▶ Data provided
■ ■ ■ ■ ■ ■ ■

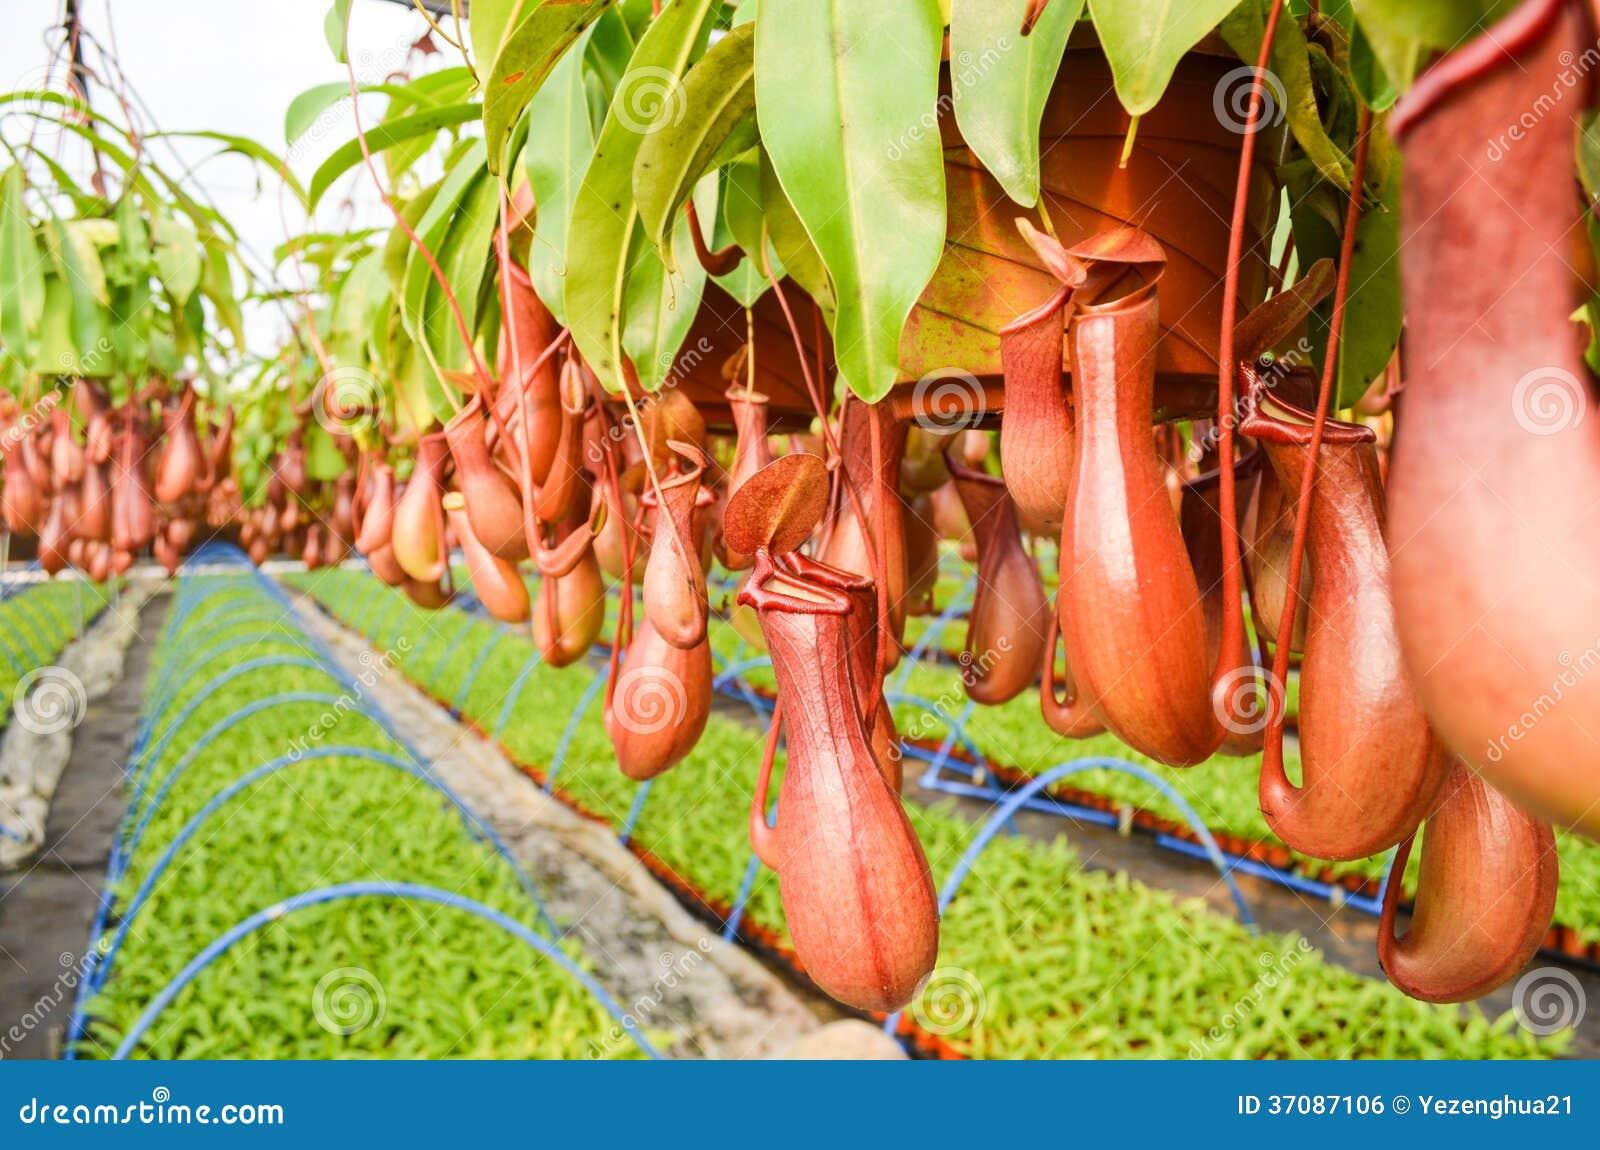 Download Miotacz rośliny w szklarni zdjęcie stock. Obraz złożonej z charcica - 37087106
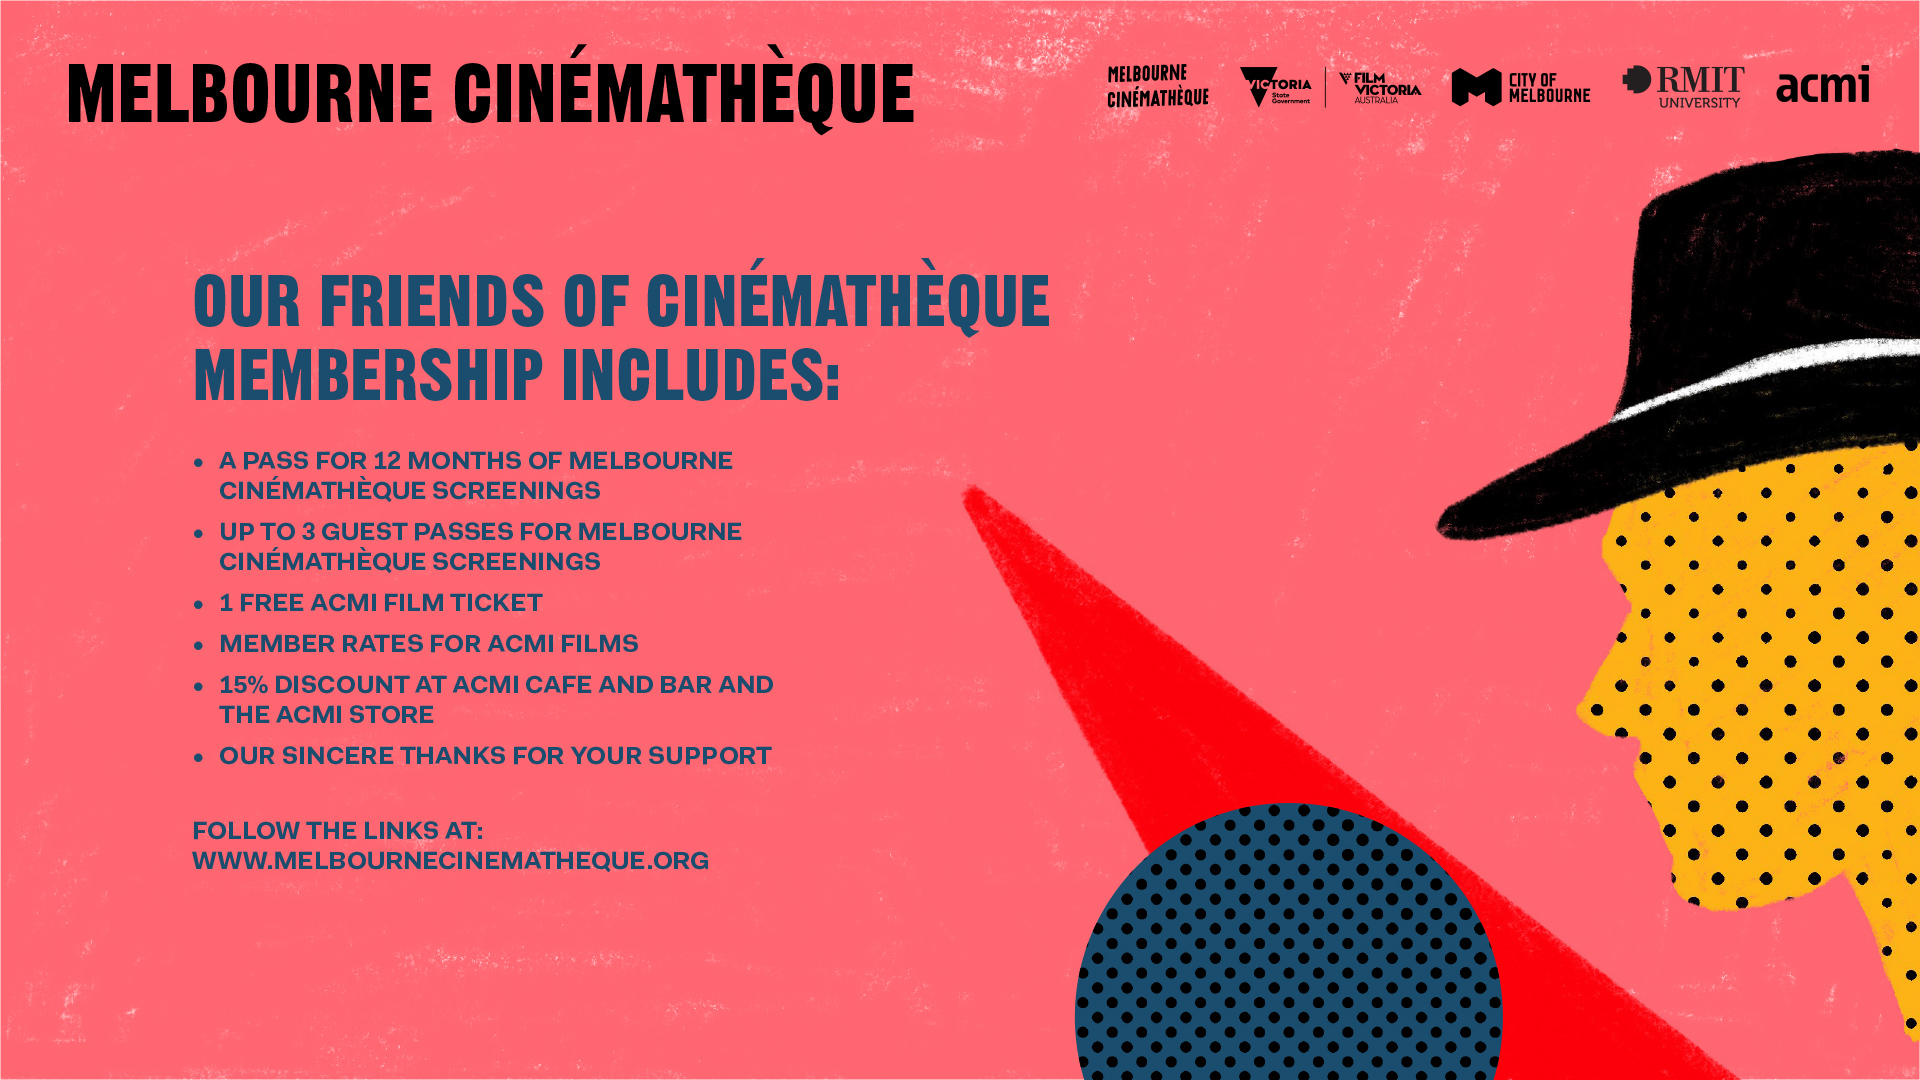 cinematheque-2019-slides-FA-friends-1.jpg
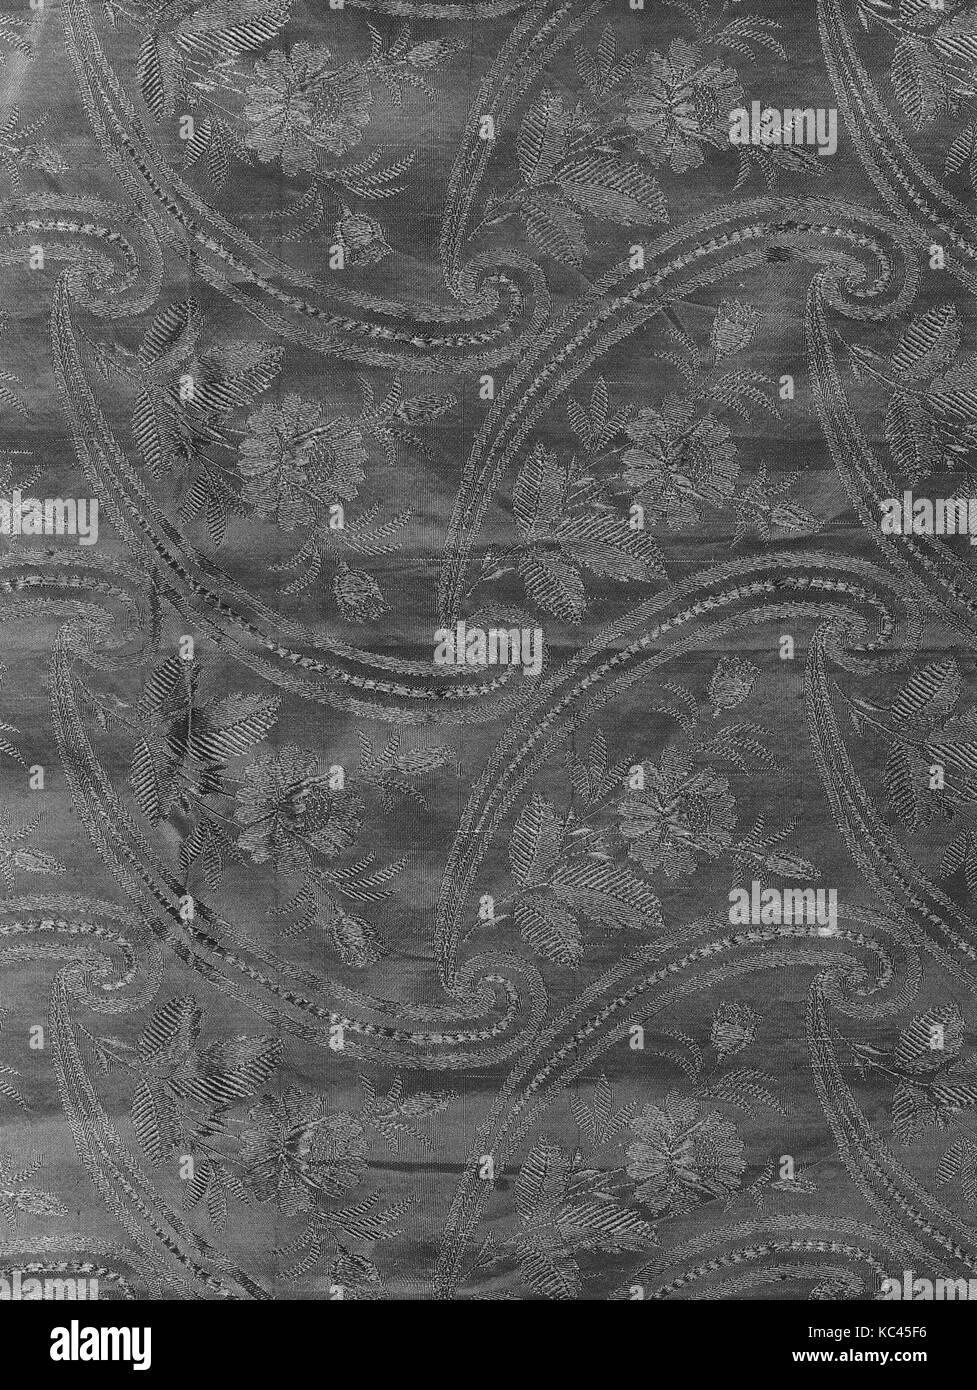 Stück, 1830 s - 40 s, französischen oder britischen, Seide, L. 39x W. 86 1/8 Zoll (99,1 x 218,8 cm), Textiles Stockbild
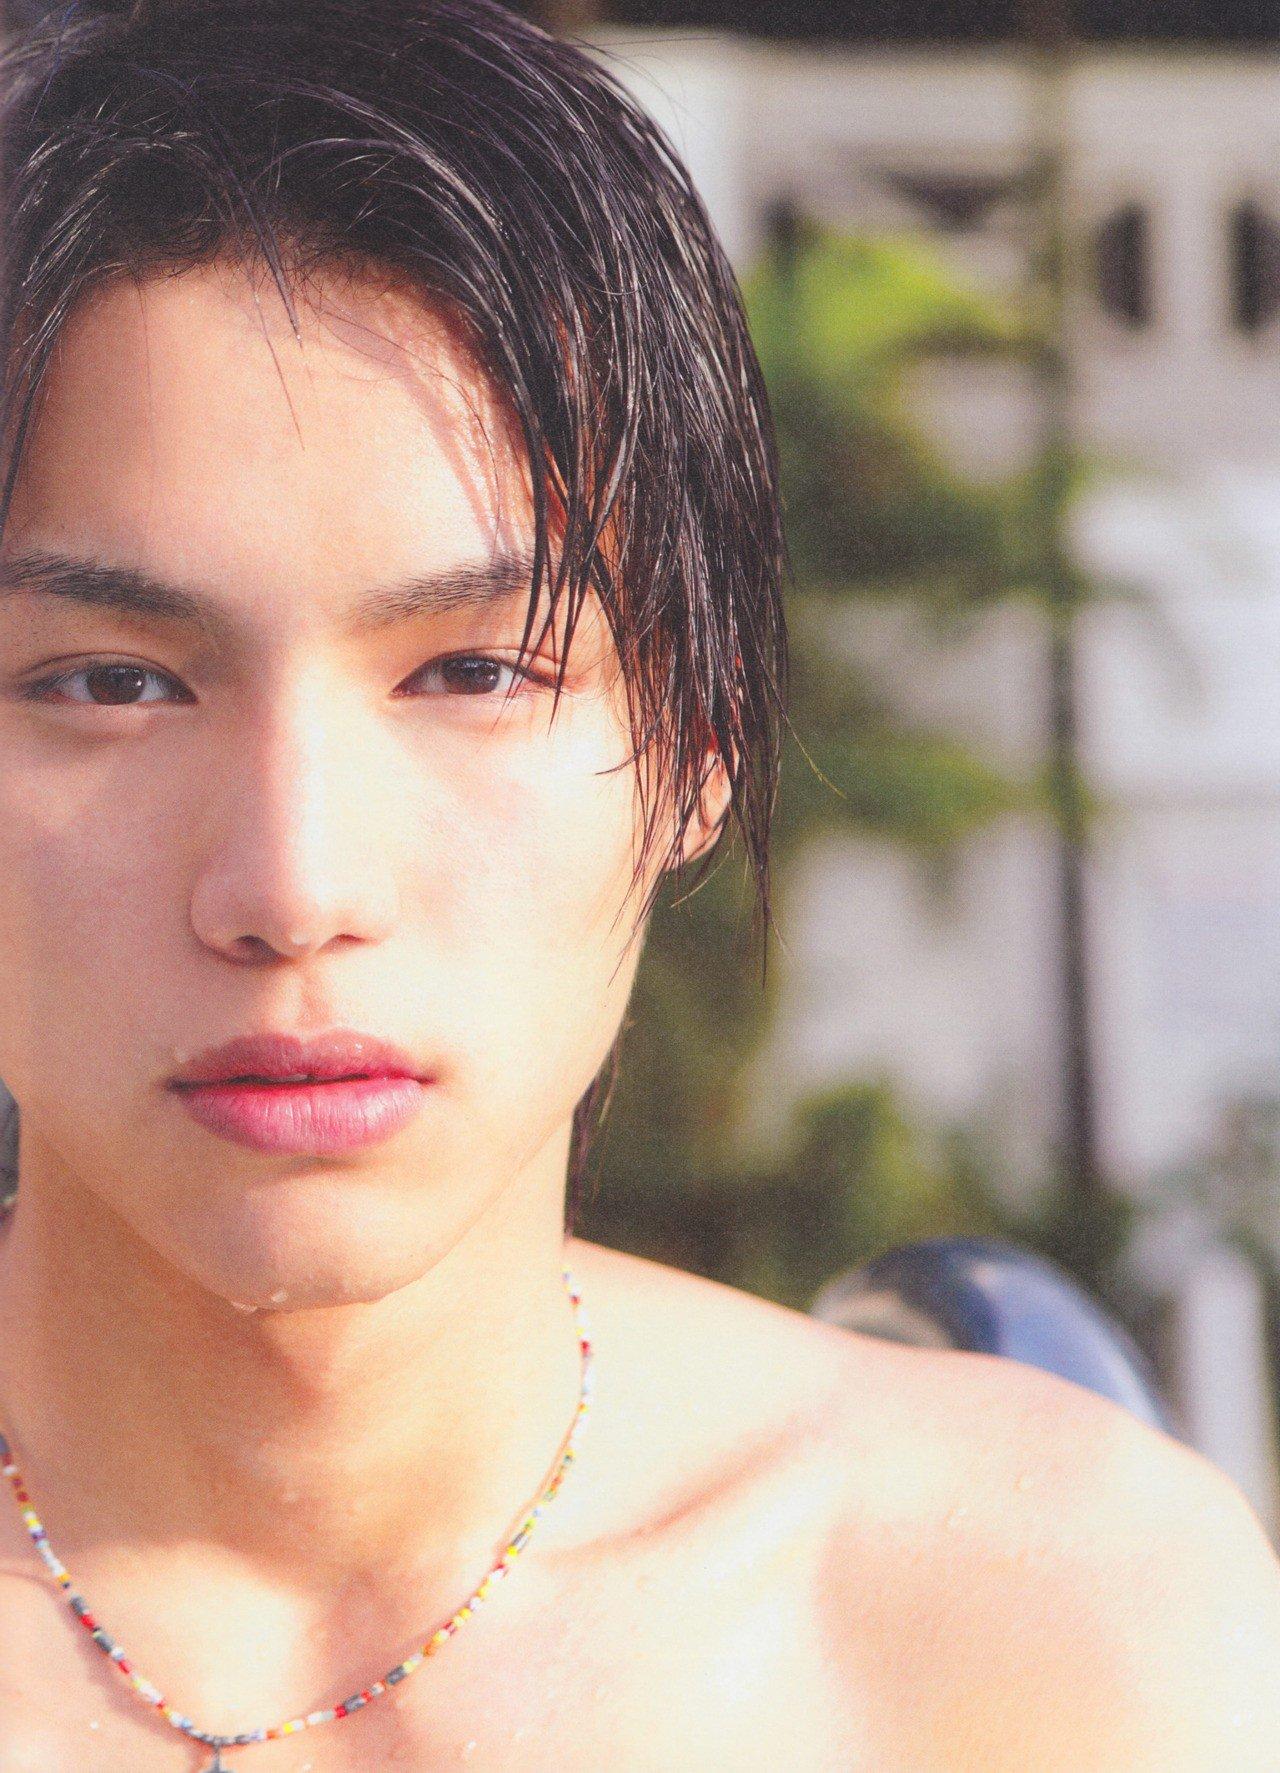 найдено селе японские актеры мужчины список фото пять

■ ■ ■ ■ ■ ■ ■

▶ Goal of the exercise
Quote verbatim the final run of lines in the material above, from the line that contains "Stück, 1830 s" through the very last line, excluding any pictures.

▶ Solved exercise
 Stück, 1830 s - 40 s, französischen oder britischen, Seide, L. 39x W. 86 1/8 Zoll (99,1 x 218,8 cm), Textiles Stockbild
 найдено селе японские актеры мужчины список фото пять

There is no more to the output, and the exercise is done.